This file contains the R code published with the article:
Malaj, E., Guénard, G., Schäfer, R.B., and von der Ohe, P.C. (2016). Evolutionary patterns and physicochemical properties explain macroinvertebrate sensitivity to heavy metals. Ecological Application 26(4), 1249-1259, https://doi.org/10.1890/15-0346
Guillaum Guénard and collegues at the Univeristy of Montreal created the R Package MPSEM which is used to generate Phylogenetic Eigenvector Maps (PEM). The main paper explaining the published methodology can be found here: Guénard, G., Legendre, P., and Peres‐Neto, P. (2013). Phylogenetic eigenvector maps (PEM): a framework to model and predict species traits. Methods in Ecology and Evolution 4(12), 1120-1131, https://doi.org/10.1111/2041-210X.12111
Summarized, in this work bilinear models integrating phylogenetic information of species and metal's physicochemical properties allowed to predict species sensitivity to metals. Combining the molecular information (DNA sequences) of 31 invertebrate species with the physicochemical properties of six bivalent metals, we built bilinear models that explained up to 70% of the variability in species sensitivity to metals. Phylogeny was the most important component of the bilinear models, as it explained the major part of the explained variance (>40%). Predicted values from bilinear modeling were in agreement with experimental values (>50%); therefore, this approach is a good starting point to build statistical models, which can potentially predict heavy metal toxicity for untested invertebrate species based on empirical values from similar species.
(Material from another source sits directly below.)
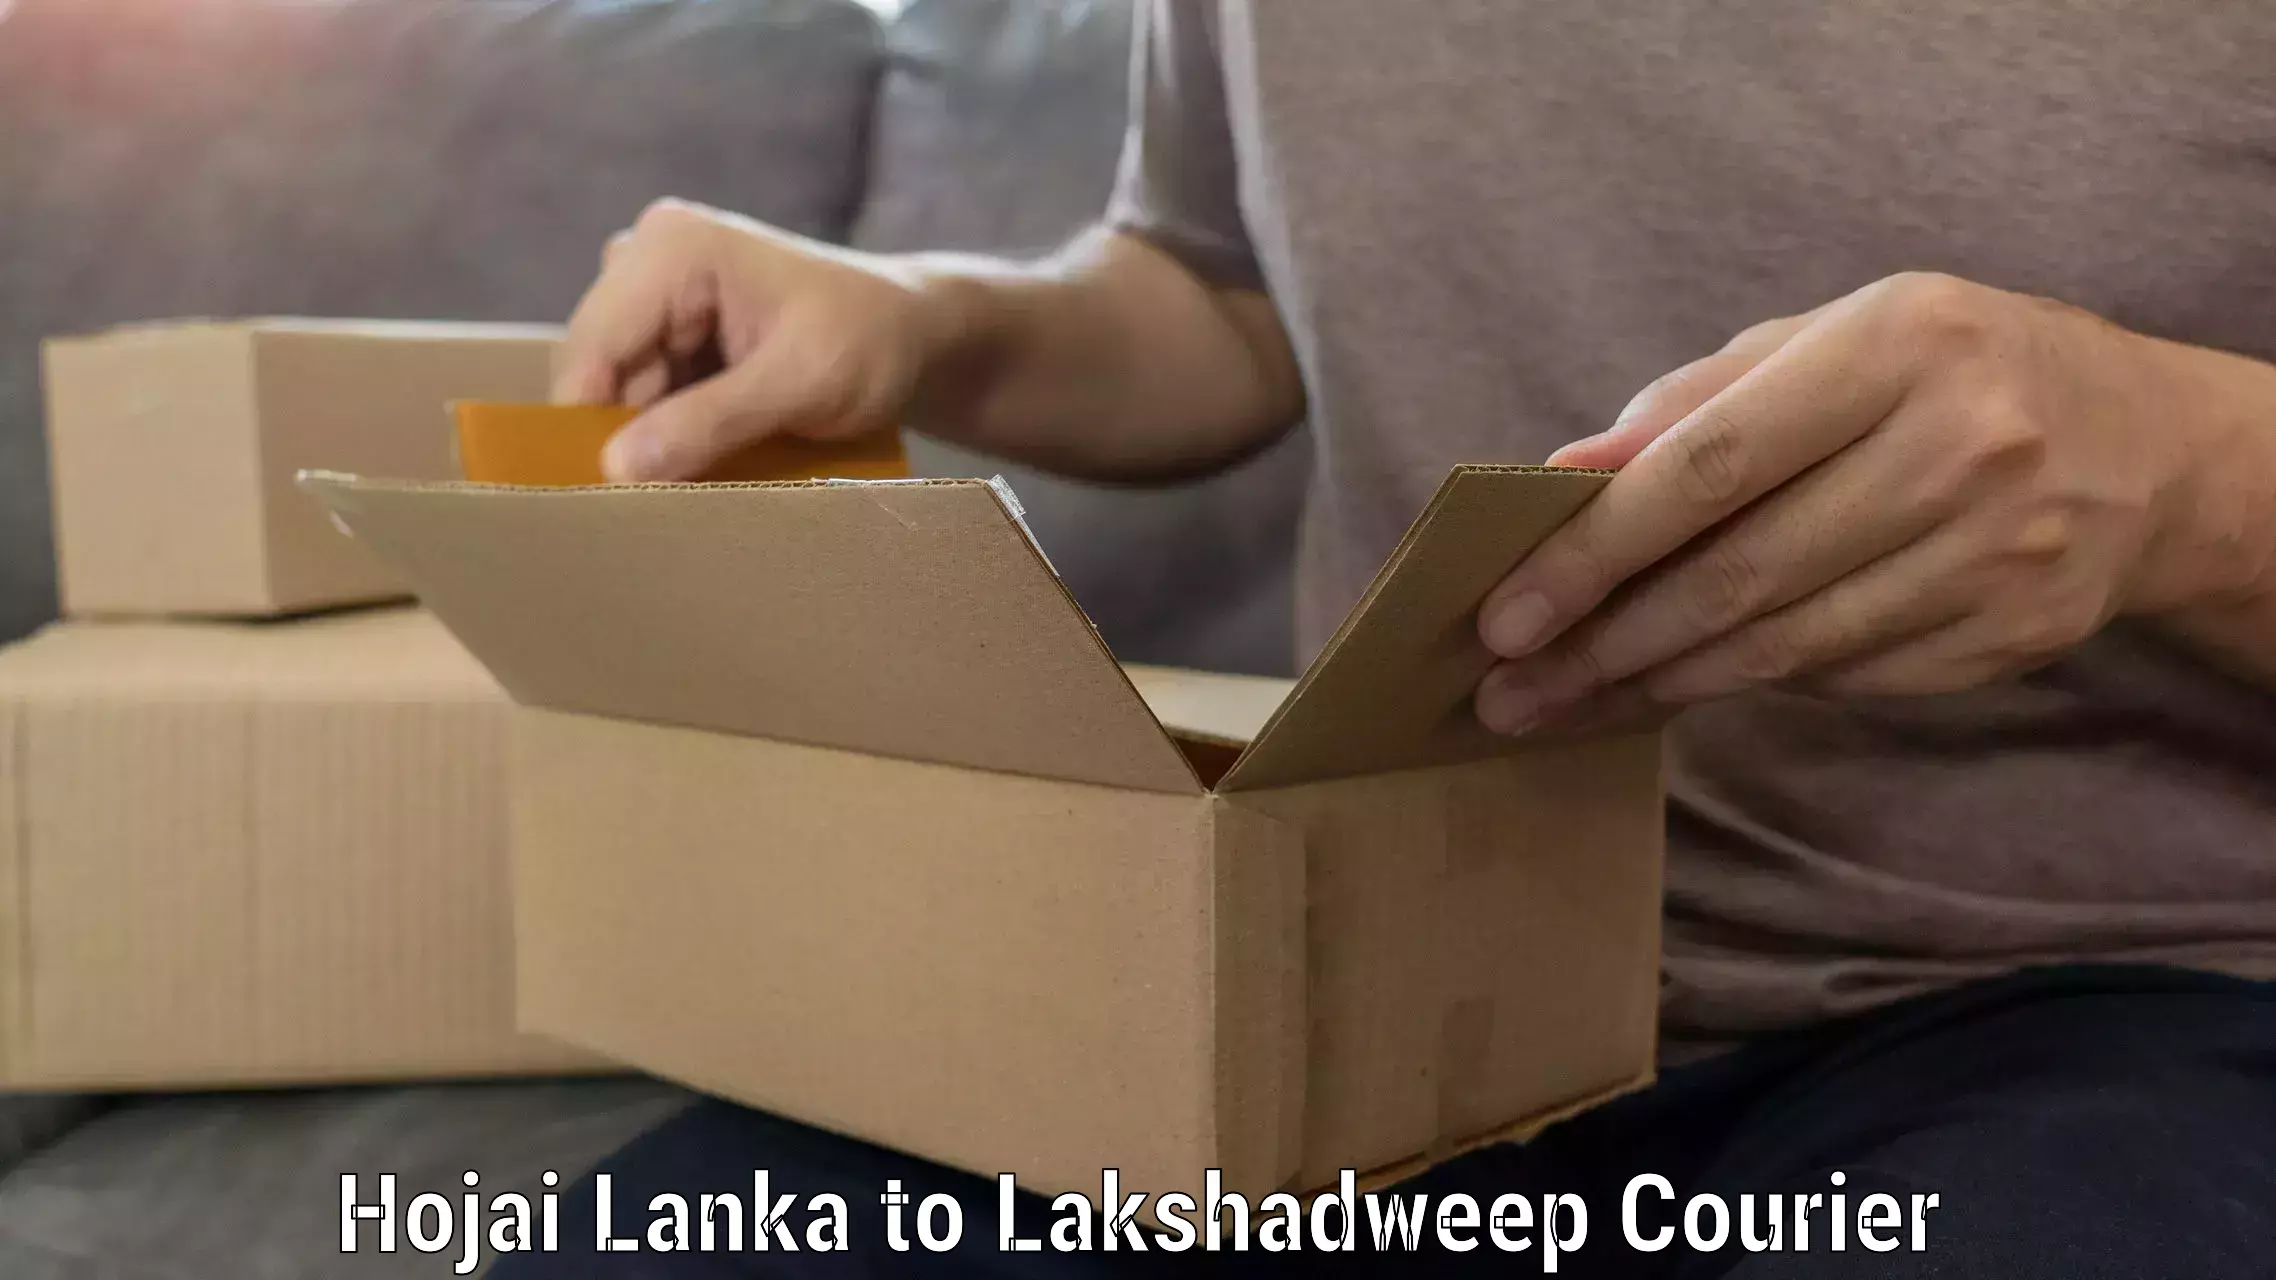 Full-service furniture transport Hojai Lanka to Lakshadweep

To run this analysis the following files are needed from the data
file:
-
data_metal.RData
contains toxicity concentrations for metals. The dataset is compiled from USEPA ECOTOX dataset and the modelled toxicities are presented in another publication: Malaj, E., Grote, M., Schäfer, R.B., Brack, W., and von der Ohe, P.C. (2012). Physiological sensitivity of freshwater macroinvertebrates to heavy metals. Environ. Toxicol. Chem. 31(8), 1754-1764. -
data_tree.rda
contains phylogenetic tree for invertebrate species; -
data_exposure.RData
adds different exposure durations of the toxicity tests; -
data_physicochem.RData
adds different water parameters (pH, hardness, temp) of the toxicity tests; -
data_Properties.RData
adds physicochemical properties of each metal.
Multiple sequence alignment was performed for each gene using Muscle version 3.8.31. Individual genes were concatenated in a single super- alignment. Phylogenetic trees were based on the analysis of nucleotides with a maximum likelihood (ML) method. The branch support of the tree was assessed by 1000 bootstrap replicates. The majority consensus tree obtained from the bootstraps (data_tree.rda
)looks like this:
Statistical support values are provided above each node (as a percentage). Asterisks denote nodes that received 100% bootstrap support. Nodes with support values less than 50% were collapsed.
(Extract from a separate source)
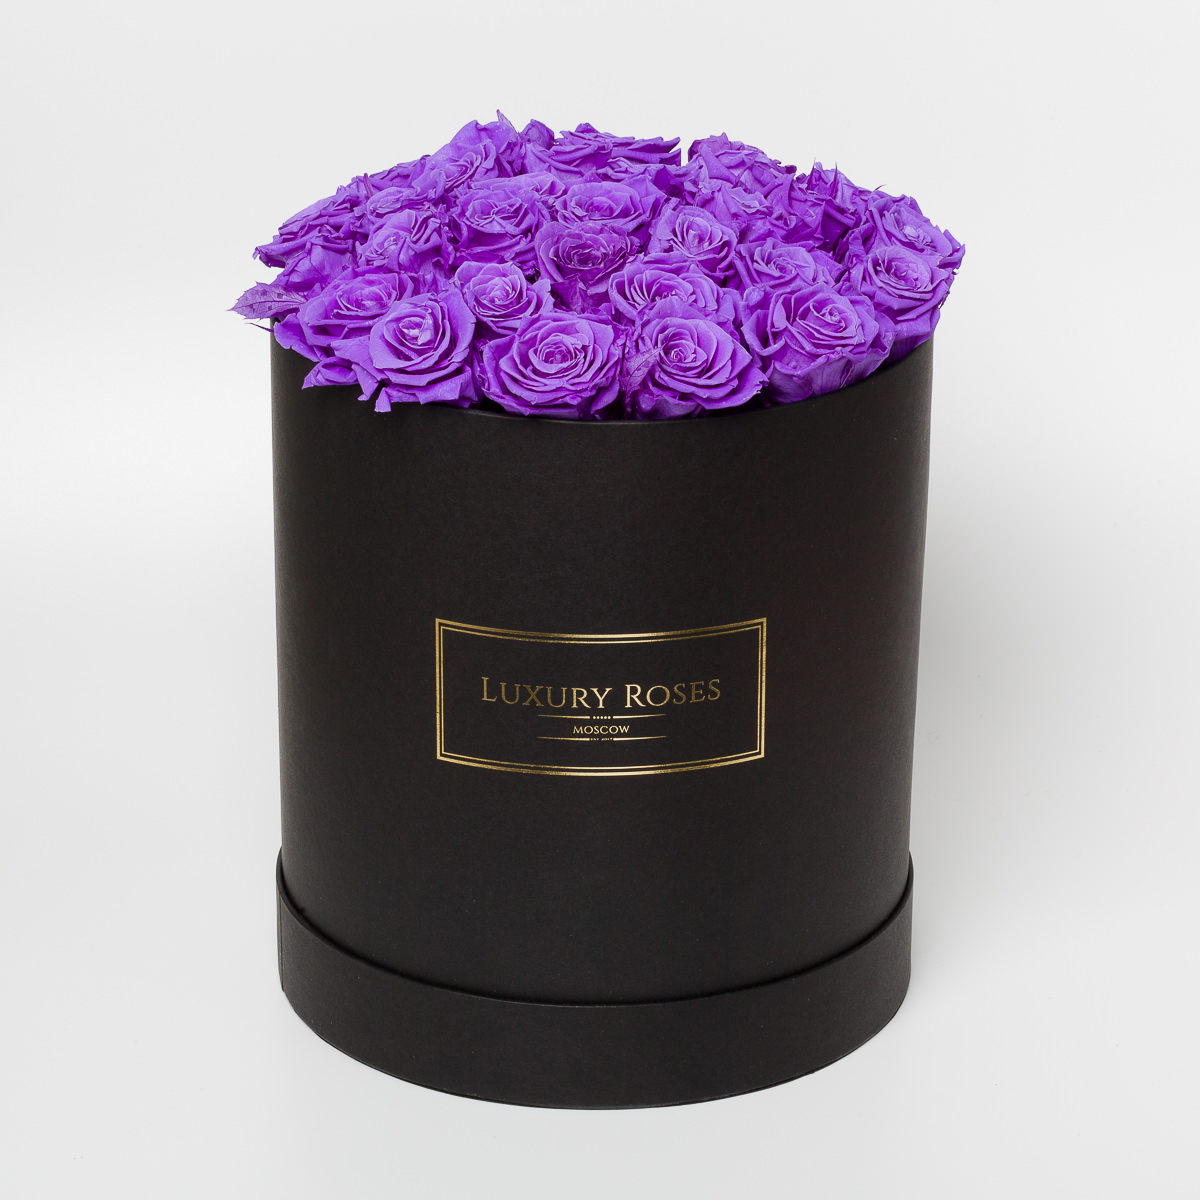 Luxury rose. Букет в фиолетовой коробке. Букет в шляпной коробке сиреневого цвета. Фиолетовые букеты цветов в коробке. Фиолетовые розы в коробке.

To evaluate the ability of the model to make accurate predictions, a leave-one-out cross-validation procedure was followed. This included:
- Removing one species i
- Re-building the bilinear model for the n−1 remaining species following:
⟨Yexp⟩=(Z⊗U)⟨B⟩+⟨E⟩
where ‹…› denotes the lexicographic concatenation (unfolding) of the columns of a matrix into a single column vector, ⊗ is the Kronecker product, Z is a matrix of size (j × l), where j represents the metal and l represents the physicochemical properties, U is the influence matrix of size (i × k), i being the species and k representing the eigenvectors, B is a matrix of bilinear regression coefficients, and E is a matrix of error terms.
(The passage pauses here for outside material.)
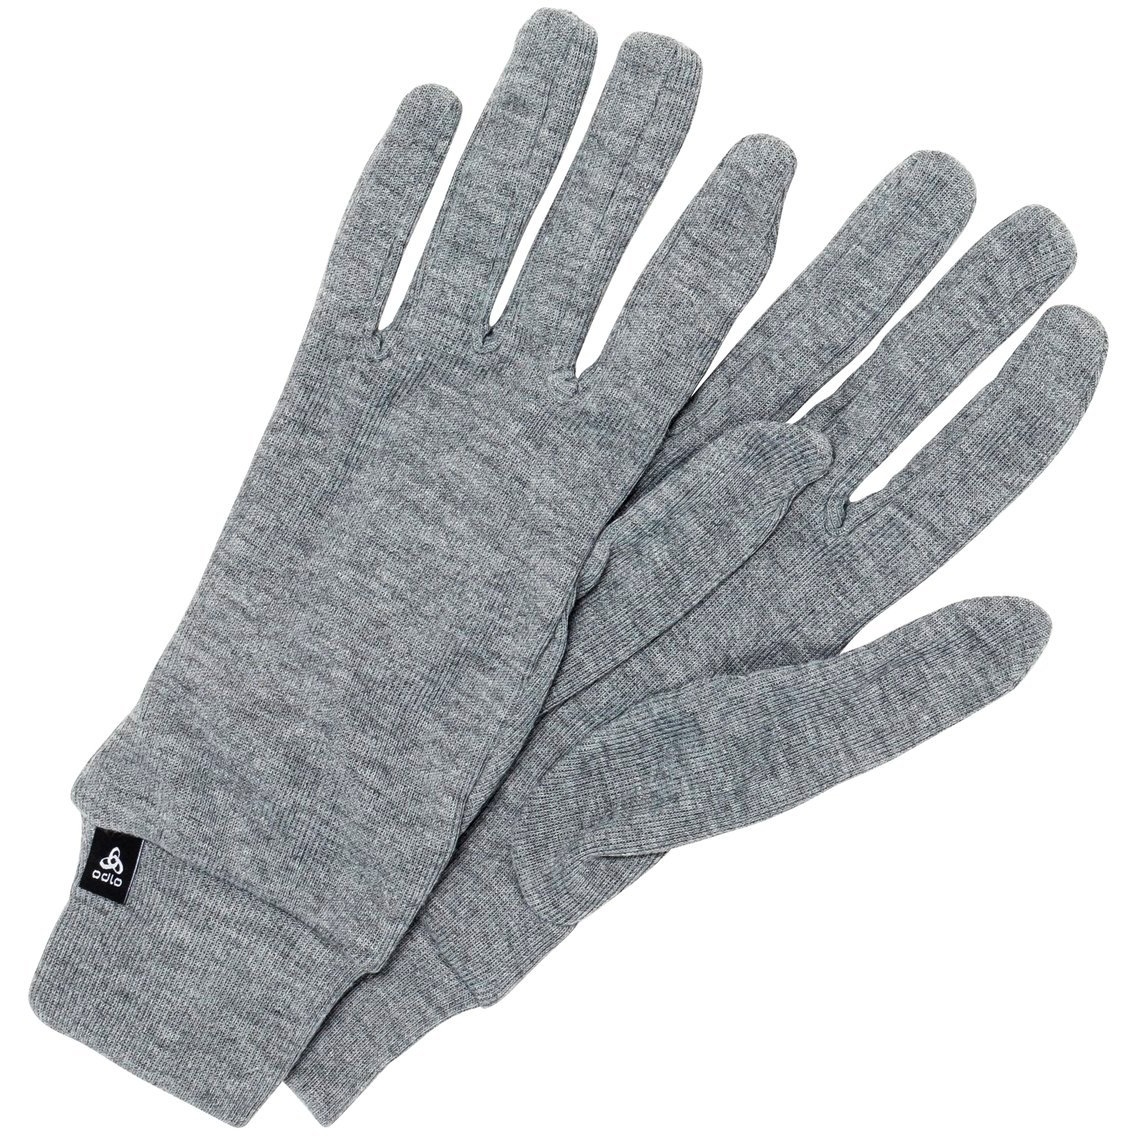 Bild von Odlo Active Warm Handschuhe - odlo steel grey melange

- Predicting the LC50 value for species i:
Ypred = UtargetBZT
where B is a bilinear coefficient matrix, Utarget is thew calculated new (target) score matrix based on the position of the untested species in the phylogenetic tree, and ZT is the transposed matrix of Z.
- Quantifying the difference between the predicted and experimental values for species i
In the figure above, the relationships between the experimental and predicted median lethal concentration (log10 LC50 in μg/L) for leave-one out cross-validation (A with four metals model and B with six metal model) is given. The dashed line is the 1:1 relationship that represents the perfect prediction by the model, and the solid line is the regression line. The prediction coefficient (q2) demonstrates the accuracy of the predicted values.